The records =>
^^^^

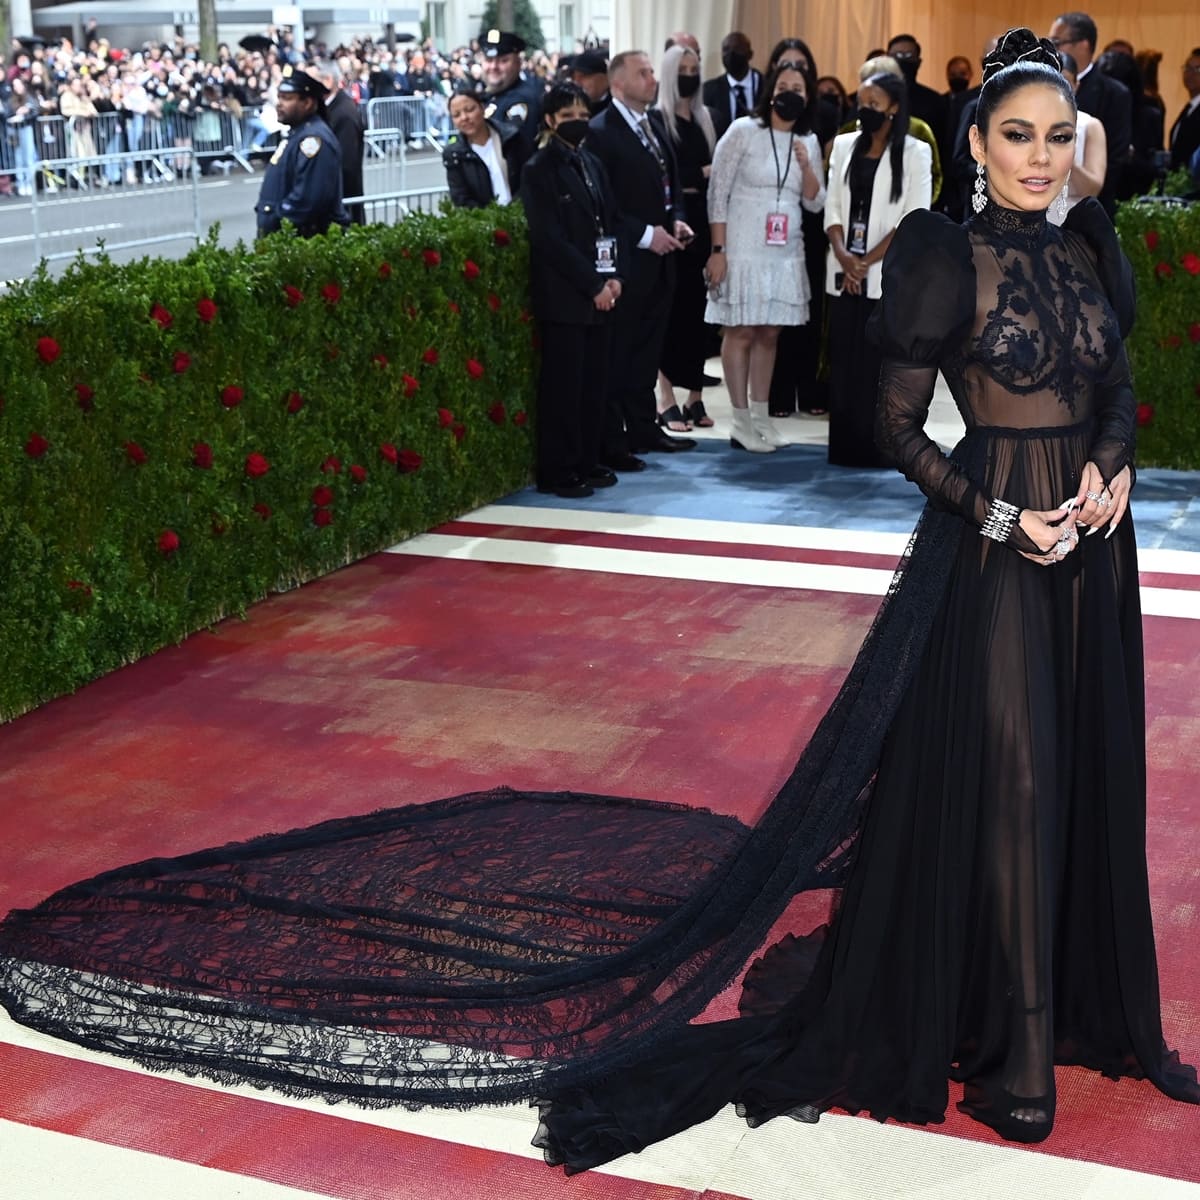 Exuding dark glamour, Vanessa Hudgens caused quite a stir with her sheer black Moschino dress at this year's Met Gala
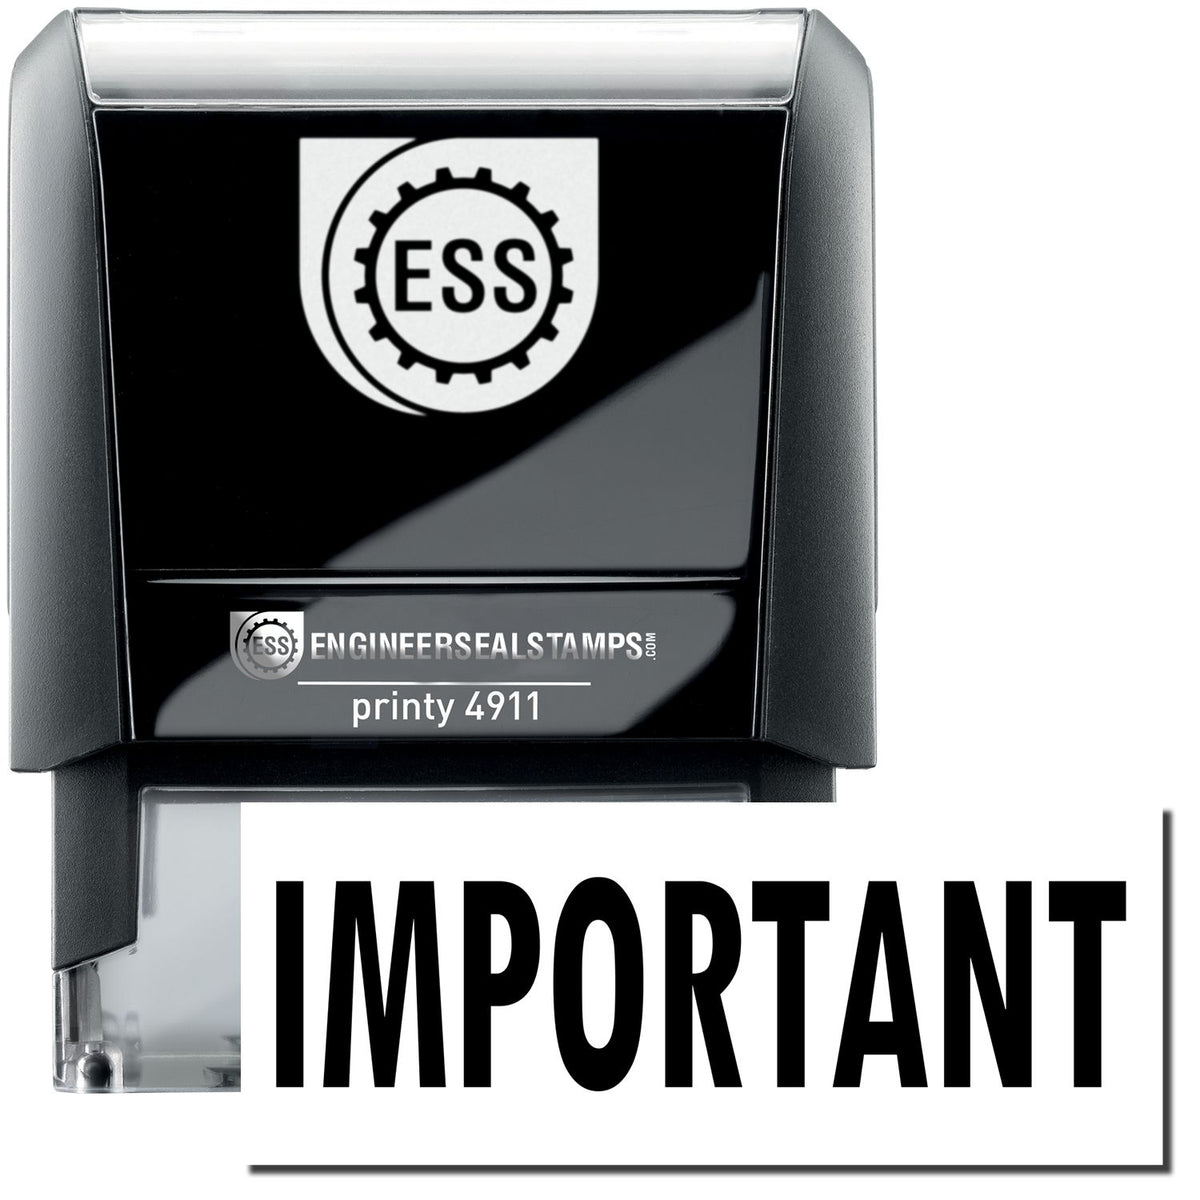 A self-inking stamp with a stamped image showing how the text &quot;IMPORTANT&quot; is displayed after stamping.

^^^^

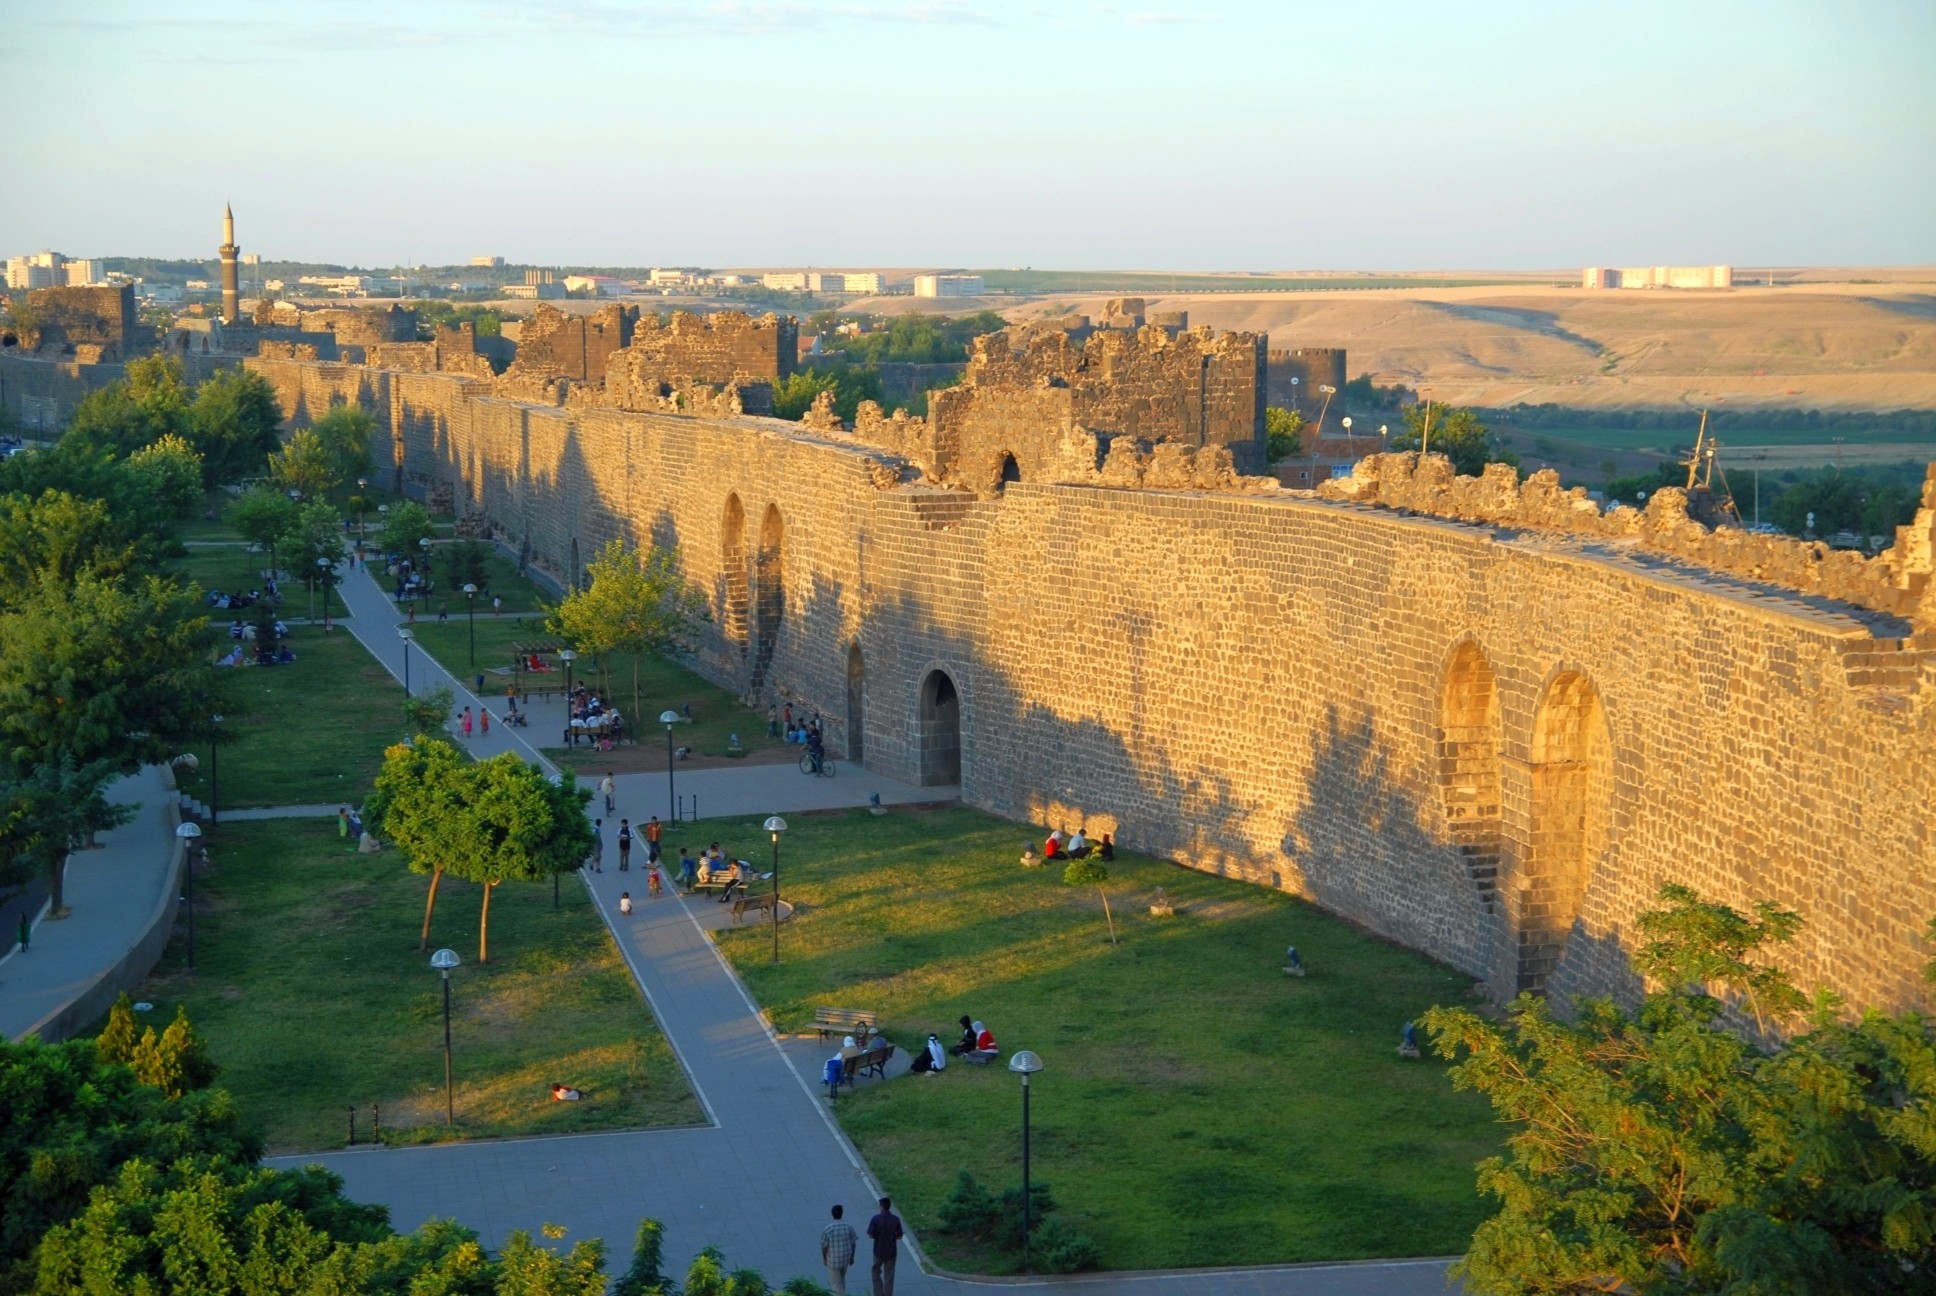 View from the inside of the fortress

^^^^

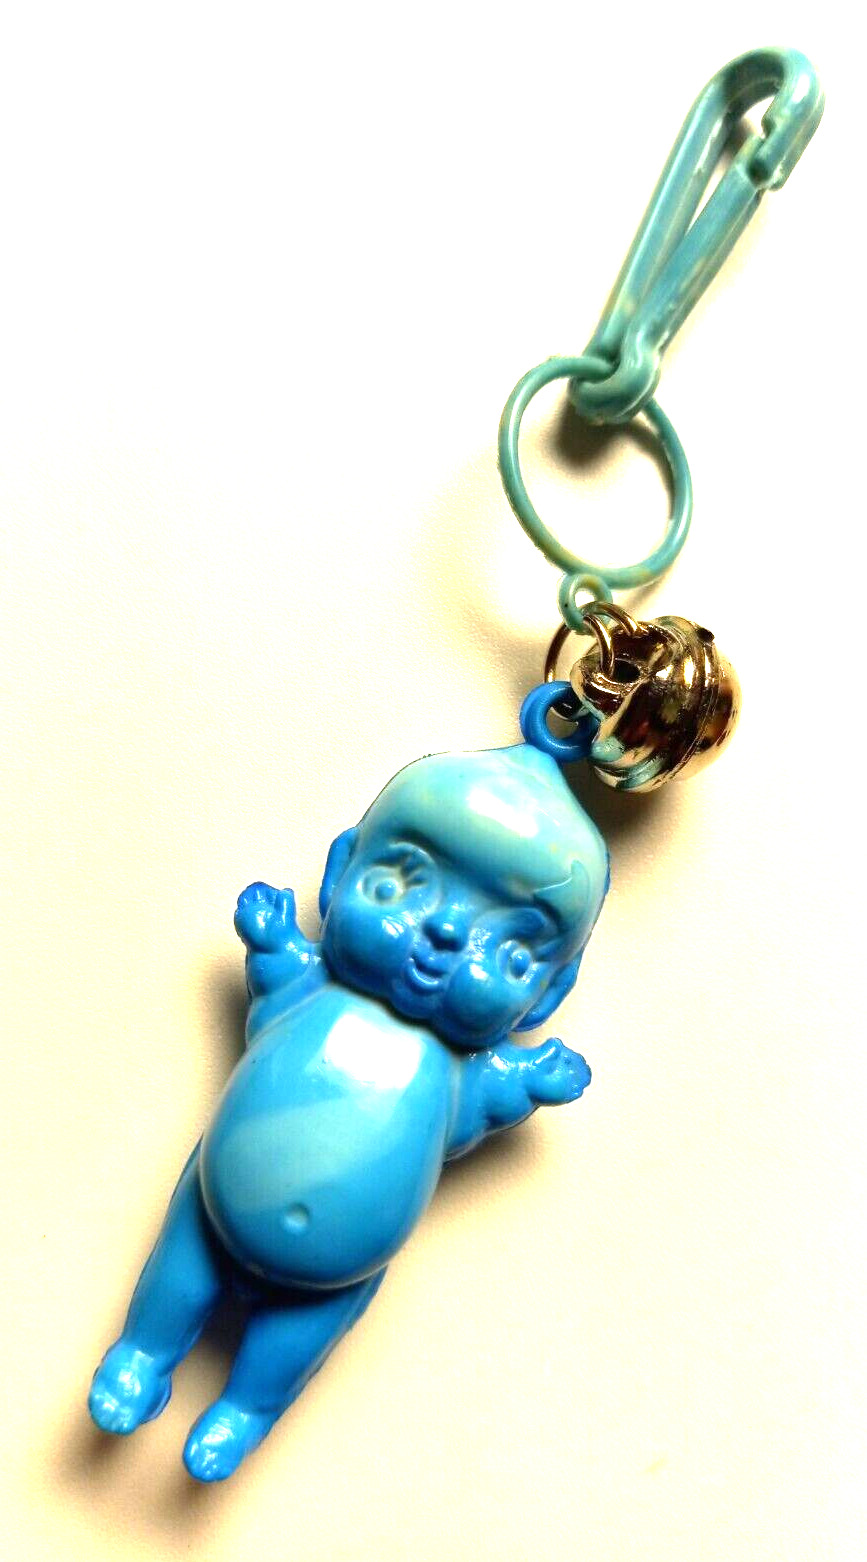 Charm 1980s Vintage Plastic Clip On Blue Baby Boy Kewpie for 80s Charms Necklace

^^^^

Assignment =>
Although pictures appear among the entries, please set down only the lines from the one with "Exuding dark glamour, Vanessa" up to and including the one with "A self-inking stamp", word for word.

Exercise result =>
 Exuding dark glamour, Vanessa Hudgens caused quite a stir with her sheer black Moschino dress at this year's Met Gala
 A self-inking stamp with a stamped image showing how the text &quot;IMPORTANT&quot; is displayed after stamping.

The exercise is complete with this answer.